Quick Heal Technologies has released new findings on the rapid spread of fake app fraud across India, highlighting how cybercriminals are increasingly targeting mobile users with advanced deception techniques. According to Seqrite Labs, the company’s malware analysis division, attackers now disguise malicious APK files as legitimate apps to steal data, drain bank accounts and compromise devices.
These apps are commonly shared through phishing links on WhatsApp, SMS and social platforms, and are often designed to mimic banks, delivery services, or government schemes. Many contain embedded spyware, adware or billing exploits that allow attackers to harvest sensitive information and execute financial fraud.

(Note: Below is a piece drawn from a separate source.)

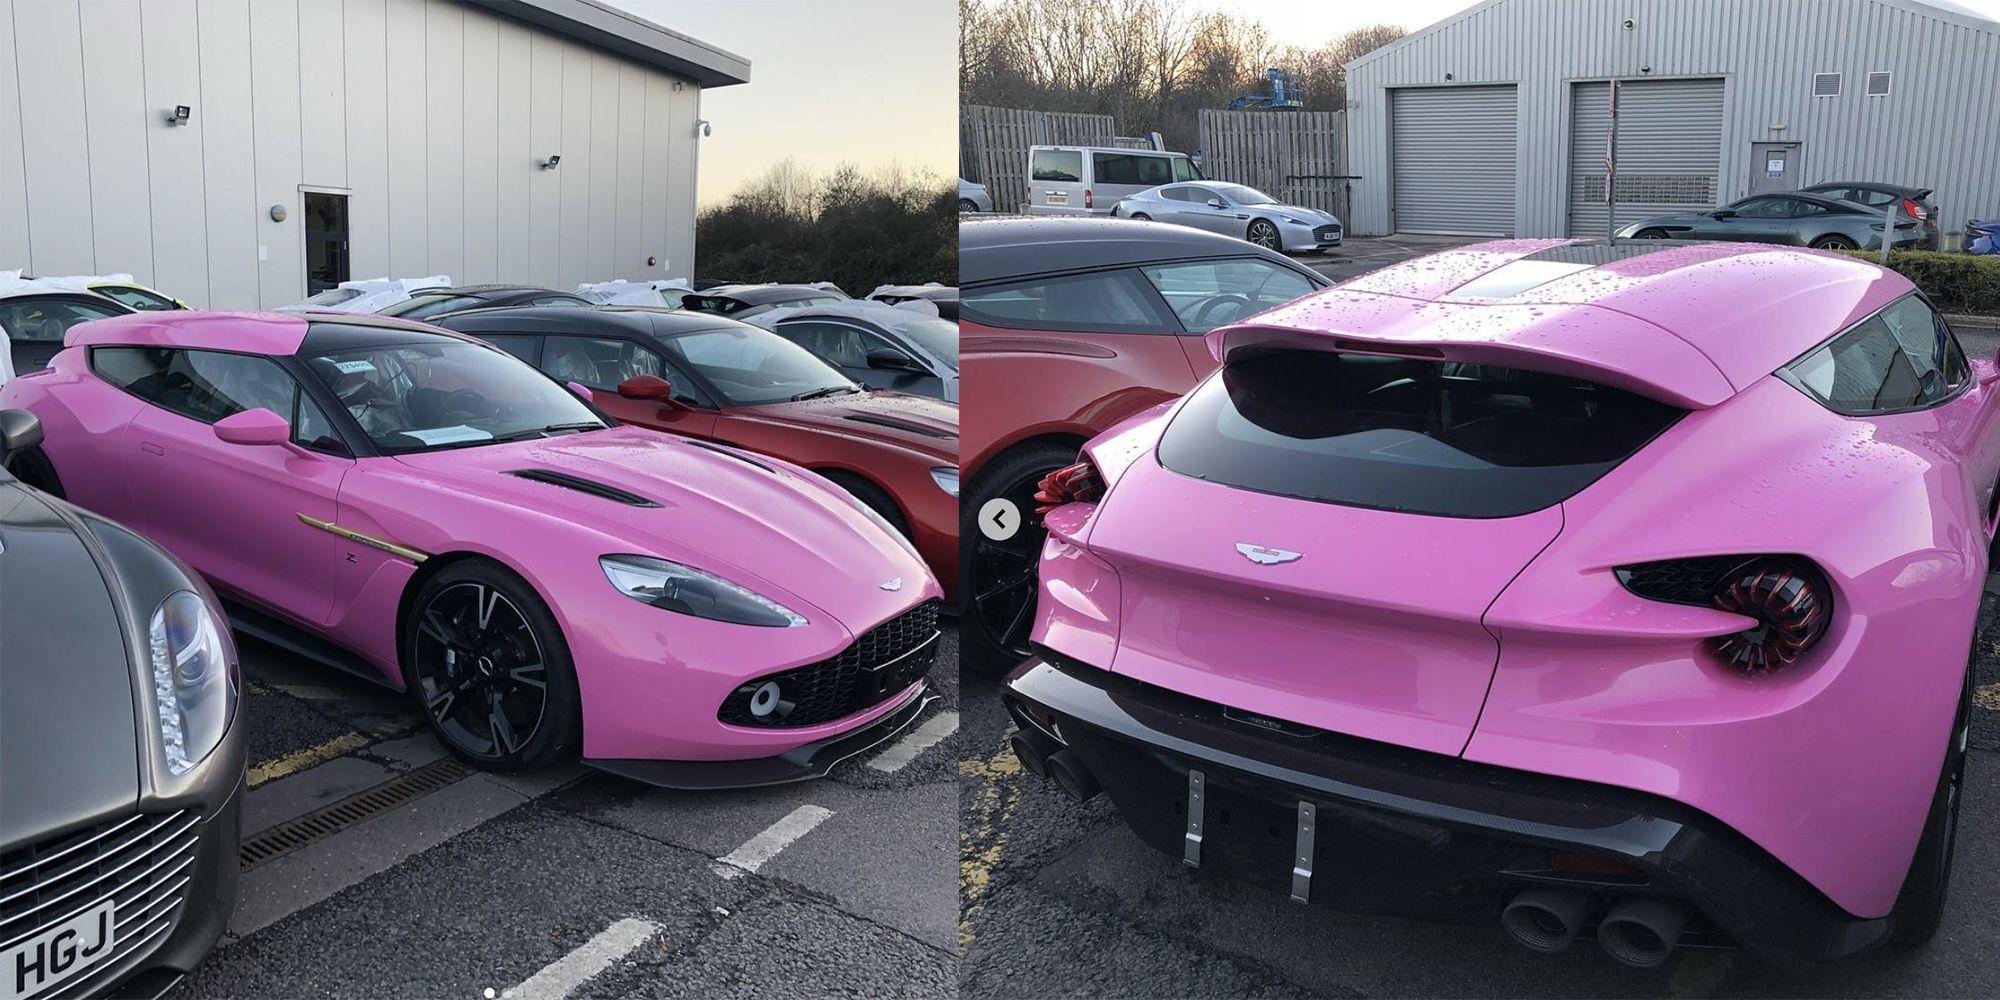 Pink Aston Martin Shooting Break

Attackers Now Use AI, Deepfakes and Social Engineering
Seqrite Labs researchers report that fraudsters are deploying a wider set of tactics than before. These include AI-generated five-star reviews to create false legitimacy, deepfake voices to manipulate victims and cloned images of government symbols to bypass suspicion. Quick Heal’s investigation found more than 250 fake dating and social apps circulating in Asia that were specifically designed to extract personal files and authentication data.
Cases of large-scale fraud continue to rise. Apple blocked USD 1.8 billion worth of fraudulent transactions in 2023, while Indian authorities have dismantled scams that used counterfeit crypto-mining apps to steal hundreds of crores from investors. The current wave of attacks relies on social manipulation combined with hidden malicious code, increasing the likelihood of identity theft and ransomware.
High Vulnerability Across All User Groups
Quick Heal notes that the victims span elderly users, young professionals and enterprises that rely on mobile apps for routine operations. A growing number of blended attacks use psychological triggers, misleading branding and obfuscated code to slip past basic security checks. The firm warns that even familiar apps can be weaponised if downloaded from unofficial links or third-party sites.
Businesses are also exposed. Compromised devices can allow attackers to access enterprise communication channels, customer data and internal credentials, making mobile security a board-level concern.
Recommended Safety Measures
Quick Heal advises users to limit downloads to official app stores and thoroughly inspect developer names, reviews and download counts for inconsistencies. Suspicious links, QR codes and unsolicited APK files should be avoided entirely. Users should keep software updated to access the latest security patches and enable features like Google Play Protect.
If an infection is suspected, Quick Heal recommends immediately switching the device to airplane mode, removing permissions, uninstalling the malicious software and performing a full reset if necessary.
Emerging Defences Through AntiFraud.AI
Quick Heal’s new AntiFraud.AI feature provides real-time detection and blocking of fraudulent apps, phishing websites, UPI scams and fake banking calls. The technology is trained on years of malware analysis, including credential-stealing apps, wormable social-media malware and adware campaigns with millions of downloads.
Quick Heal continues to develop localised, cloud-based and ML-driven defences designed to reduce system resource usage while preventing emerging mobile threats in real time.